A perfect example of this: I buy grapes every week but most of the time my husband won’t touch them. He’ll generally go for chips and salsa as a snack instead.

Because I was throwing a lot of deflated grapes away, I decided to put in about 30 seconds more effort towards making them easier to grab by pulling the grapes off the stems or cutting them into small bunches. Then I put them into an open bowl in the fridge.

That small change – just making them easy to grab in a pinch between meetings – increased my husband’s fruit consumption by at least 100% (no joke...he calls grapes not in a bowl "inedible").

This trick works for all fruit and even some vegetables by the way (anything that’s easy to grab and go like carrot or celery sticks).


Creativity is the Spice of Nutrition (Life?)


Consistently eating the recommended 2-3 servings of fruit per day is absolutely within reach for you and if you’re picky and need additional creative ideas, I’ve listed some below.

Here’s a thought I’ll end with if you’re still skeptical about the fruit situation: If you commit to getting in 2-3 servings of fruit each day for at least 3 weeks (especially by substituting some of your other snacks or meal components with fruit), I can almost guarantee you’ll notice a drastic difference in your energy, focus, and digestion.

Just give it a try! By the end of 3 weeks if you decide you hate it, then quit.

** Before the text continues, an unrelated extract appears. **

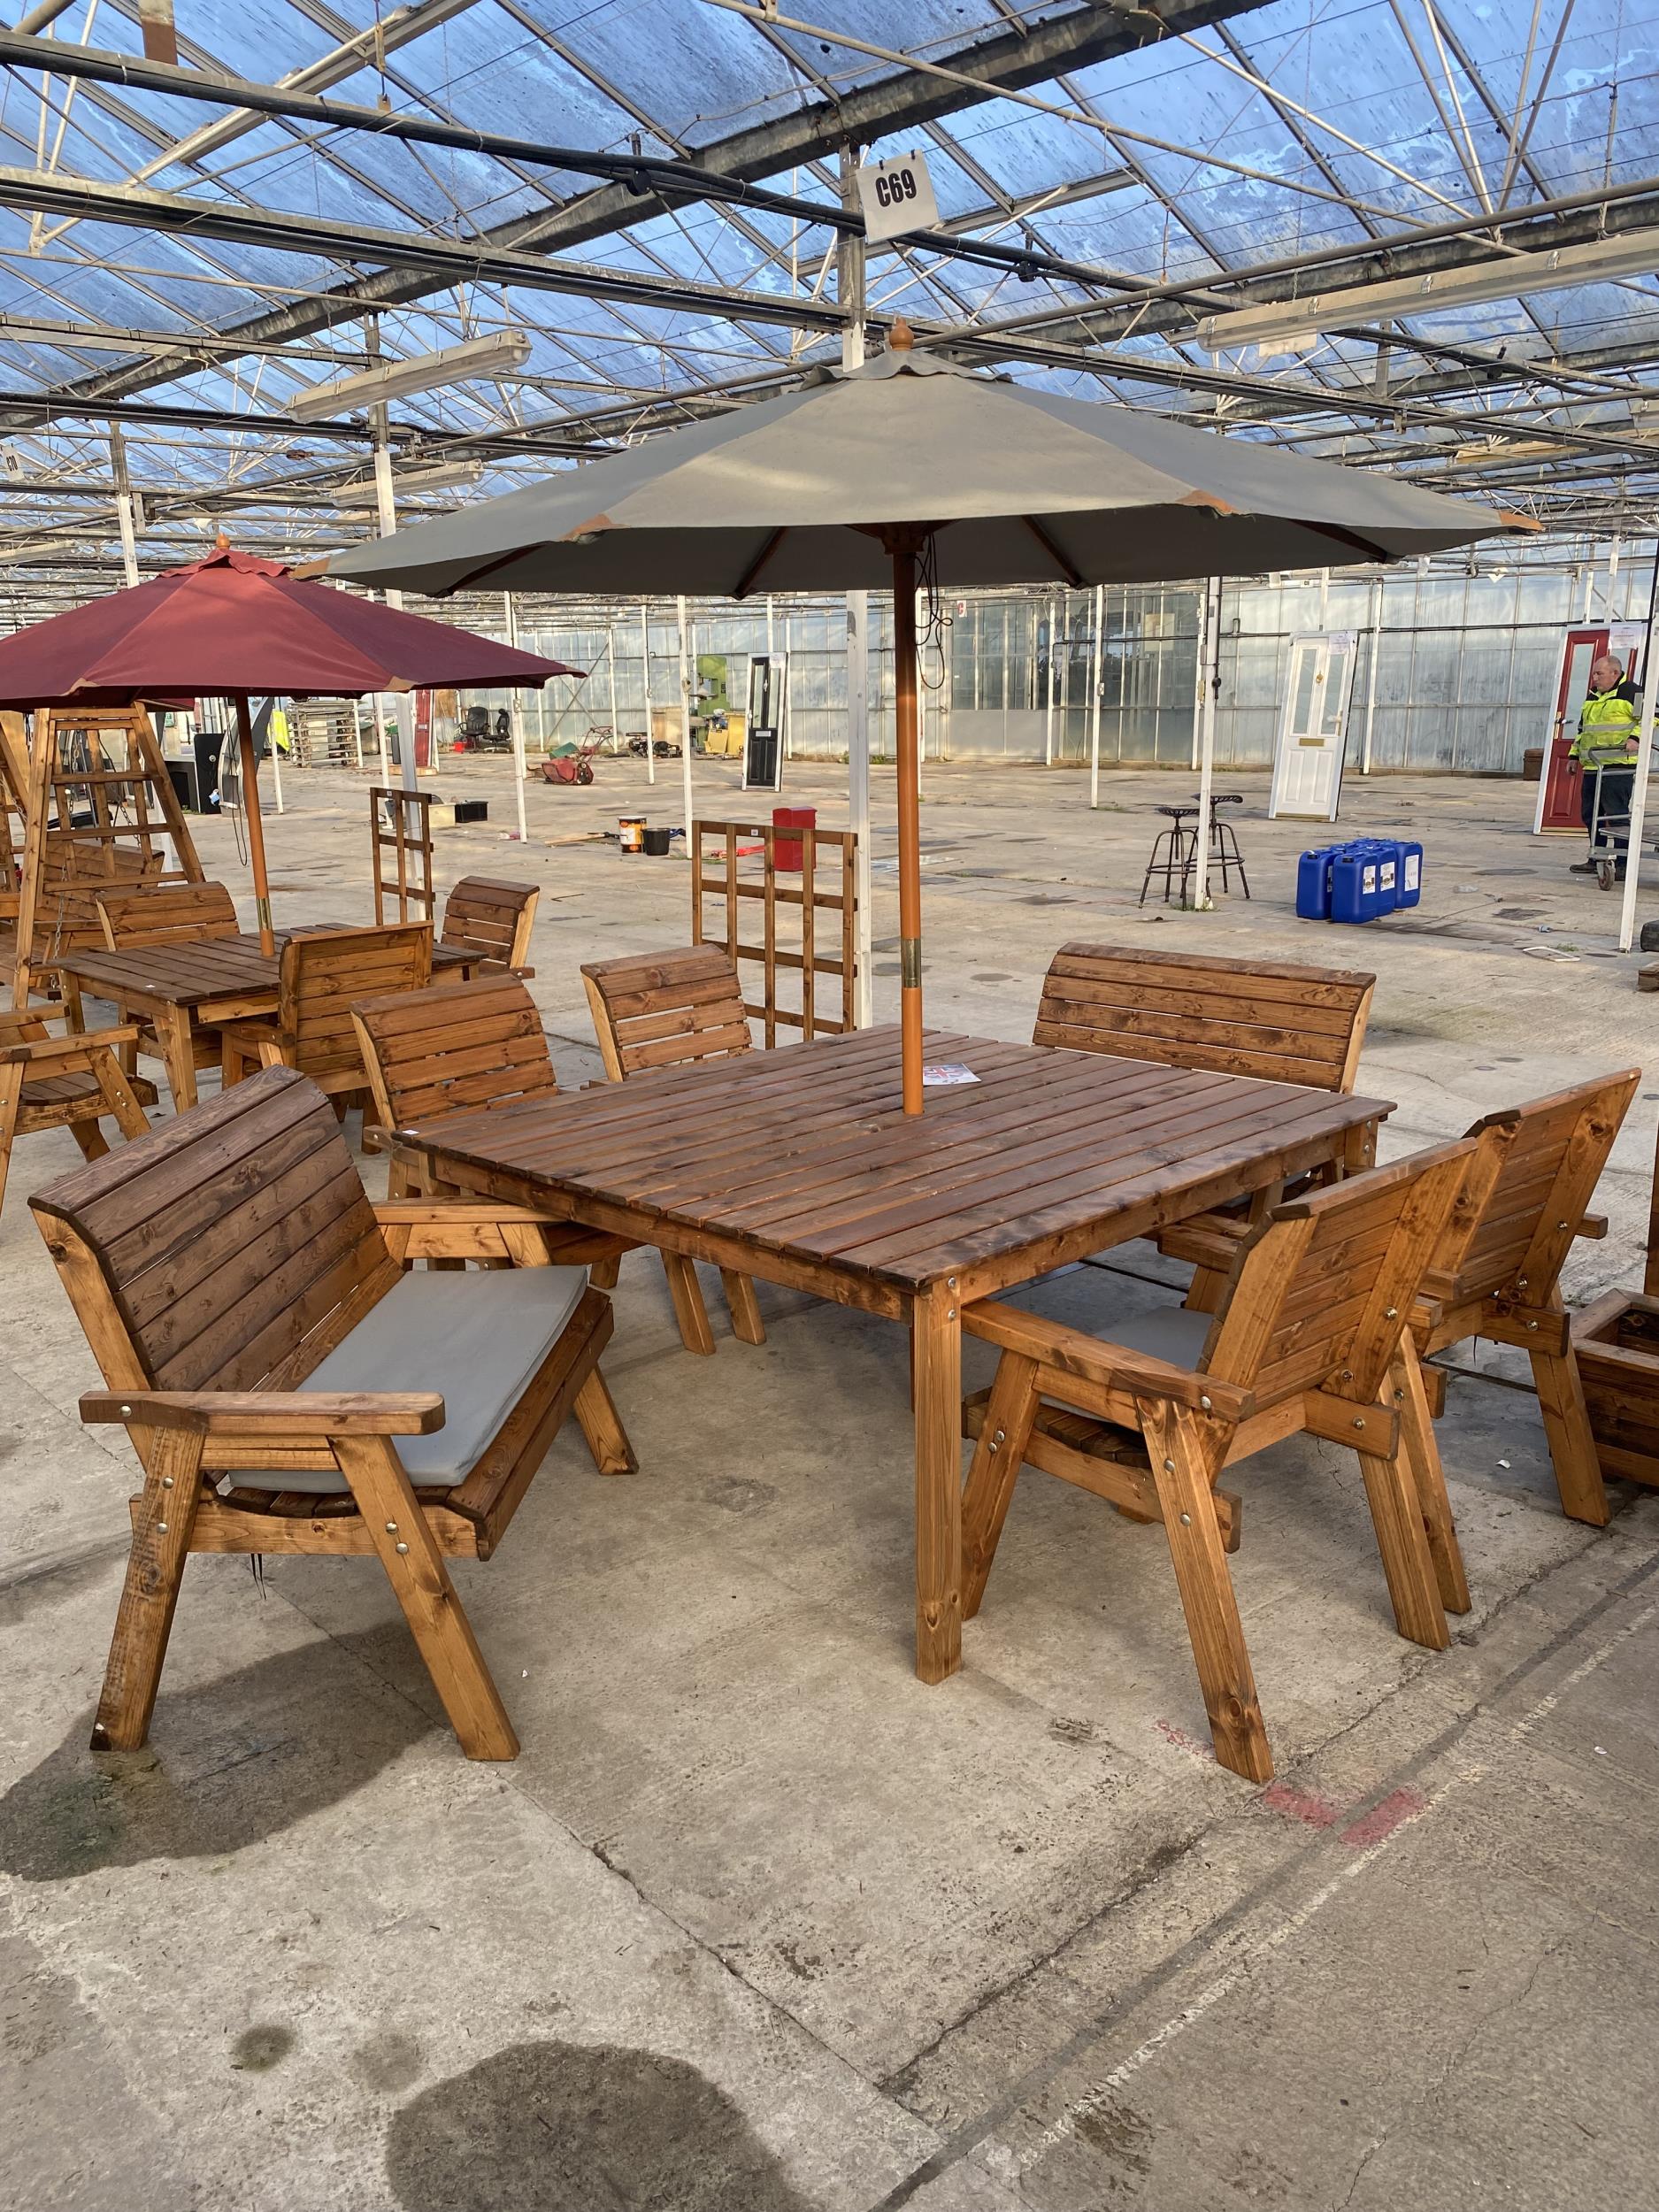 AN AS NEW EX DISPLAY CHARLES TAYLOR PATIO FURNITURE SET COMPRISING OF A LARGE SQUARE TABLE, FOUR - Image 5 of 5

But something tells me that’s unlikely (maybe it’s my 10+ years of experience in the nutrition space…I don’t know).

In any case, I wanted to leave you with just a few simple ways to make fruit more accessible, fun, and exciting to eat. I believe fruit is an important part of any healthy diet and I want to encourage you to make it a part of your every day life. Cheers!

🍓 Use frozen blueberries as a "syrup" for pancakes by microwaving for 1-2 minutes while your pancakes cook. Heat until the skins break, and they form a thick liquid. 

🍓 Pair fruit with a yogurt dip

🍓 Lightly sauté banana slices in a pan on medium-low heat until soft. Serve over plain yogurt, in oatmeal, or on a peanut butter sandwich.

🍓 Make a smoothie using several types of fruits, greens, and unsweetened cocoa powder.

🍓 Grill stone fruits like peaches, nectarines, and plums and add to a salad (best on arugula with burrata or mozzarella and a balsamic drizzle).

🍓 Bake half an apple in the oven with a little cinnamon until soft, then top with a bit of whipped cream or vanilla ice cream.

Nutritious smoothie bowl

🍓 Create a “smoothie bowl.” Make a smoothie with various fruits and greens, then pour it into a bowl and top with additional fruit, cereal, nuts, or low sugar granola. This tends to be more physically and mentally satisfying than a smoothie because instead of slurping it down quickly, you sit and eat the bowl at a slower pace.

🍓 Slice fruits like strawberries, apples, melon, and pineapple into bite-size pieces that can be enjoyed by themselves, in yogurt, or in oatmeal.

🍓 Slice apples and sprinkle with cinnamon or pumpkin spice seasoning (add lemon juice to slow the browning process). Optional addition: serve with peanut butter or almond butter.

🍓 Cut oranges into wedges instead of leaving them whole (remember childhood soccer games??)

🍓 Enjoy berries with a bit of whipped cream.

🍓 Drizzle berries with a thin layer of extra dark chocolate (70% cocoa or greater). Put them in the fridge to set and then place them in a bowl in the fridge for a great healthier dessert.